0

My question is how to use the principal components obtained using R.

Once you get the principal components, how do we use it to reduce the dimensions? I have a data_set containing 6 variables, I need to cluster it using k-means. K-means gives me a scattered plot when I do the clustering on 6 variables. I thought pca could help to reduce the dimensions, and so k-means could produce fruitful results.
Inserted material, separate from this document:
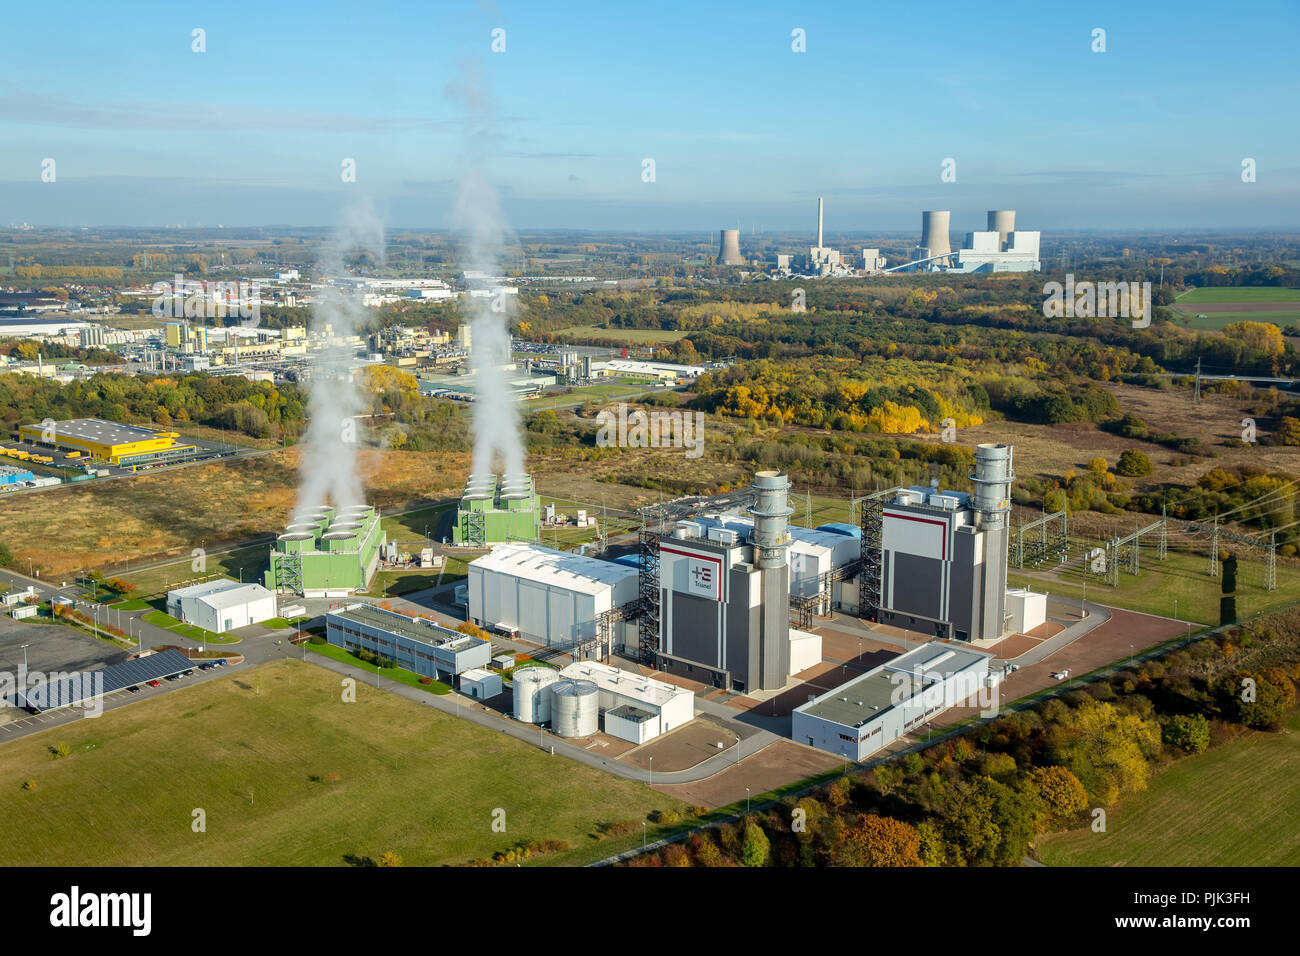 Vista aerea, gas Trianel power plant Hamm GmbH & Co. KG, GUD, nube di fumo, vapore acqueo, la turbina a gas impianti di potenza in funzionamento, Hamm, la zona della Ruhr, Nord Reno-Westfalia, Germania Foto Stock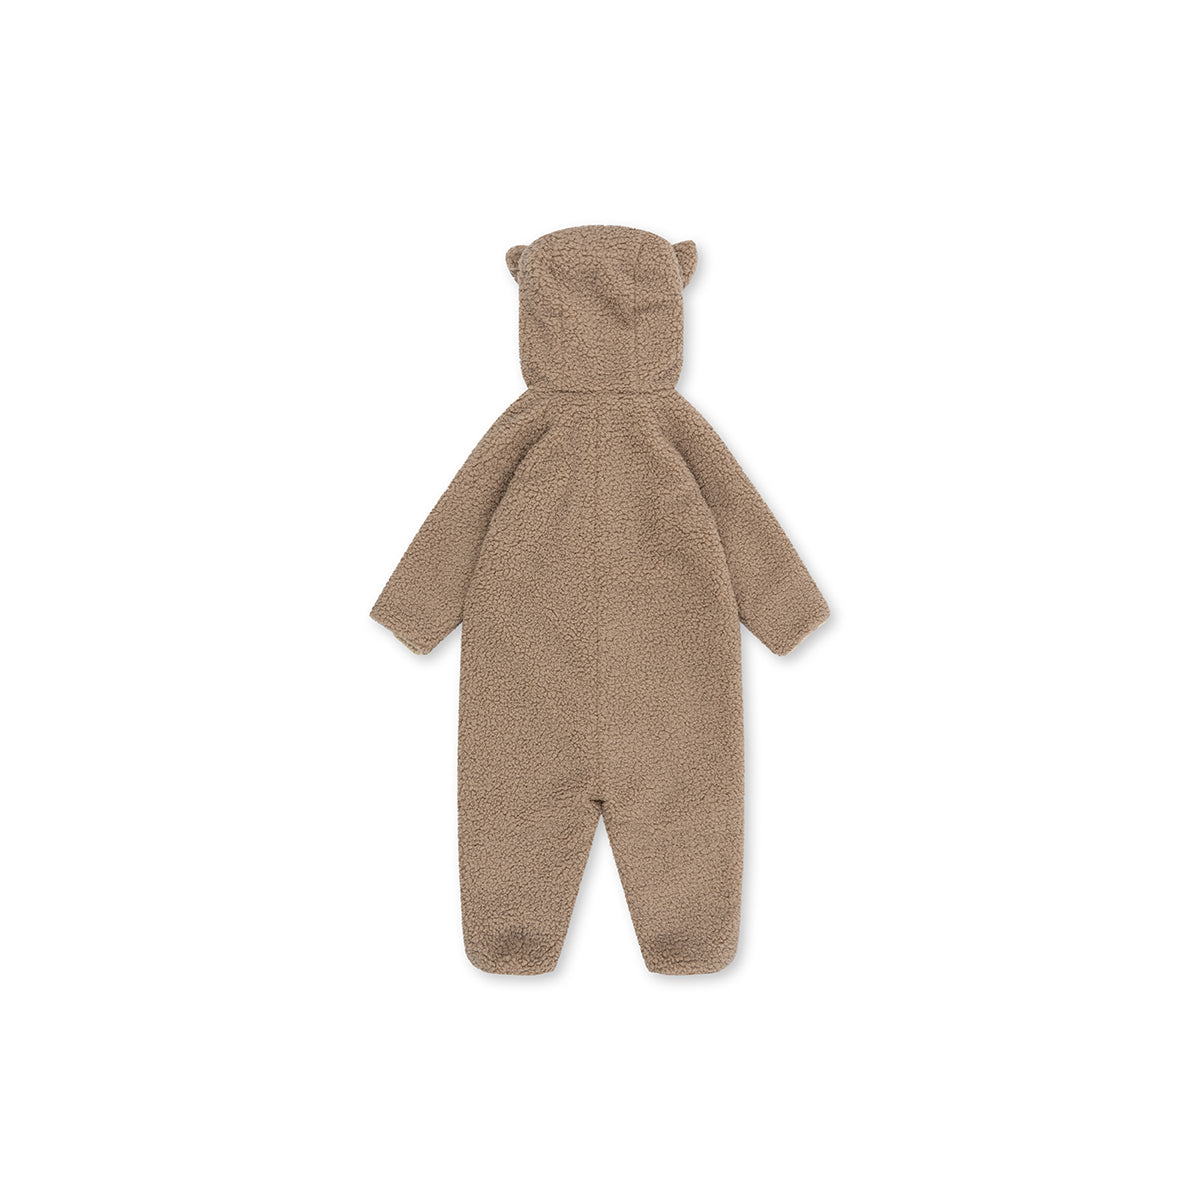 Jouw kindje is warm, zacht en comfortabel met deze superschattige onesie van Konges Slojd. De grizz teddy onesie in de kleur oxford tan heeft een warme teddy stof aan de buitenkant en een katoenen voering met leuke print. VanZus

I did this to get the principal components:

pca1 <- prcomp(data_set)

Please guide me as to how to proceed further to reduce the dimensionality of the data set.

Grimthorr
  • 6,856
  • 5
  • 41
  • 53
N2M
  • 199
  • 1
  • 15
  • The first 2 or 3 components will give you a 2D or 3D representation of your data. Work on those first few components to get the dimension reduction. – Roman Luštrik Sep 16 '13 at 09:15
  • Instead of PCA you can use SVD and get the same results. You can later plot the eigen values, – user1436187 Sep 16 '13 at 11:18

1 Answers1

1

you can find the values you get from a function if you type for example ?prcomp this is what i used to do using another package:

library("FactoMineR")

pca <- PCA(dataset, scale.unit=TRUE, graph=FALSE)

scores <- data.frame(pca$ind$coord)

library(ggplot2)

ggplot(scores,aes(Dim.1,Dim.2)) + geom_text(label=rownames(scores),colour="red") + geom_hline(yintercept=0) + geom_vline(xintercept=0) + labs(title="Score plot")

you get the plot for the scores according to PC1 and PC2, and the same if you want the loadings plot

loadings <- data.frame(pca$var$coord)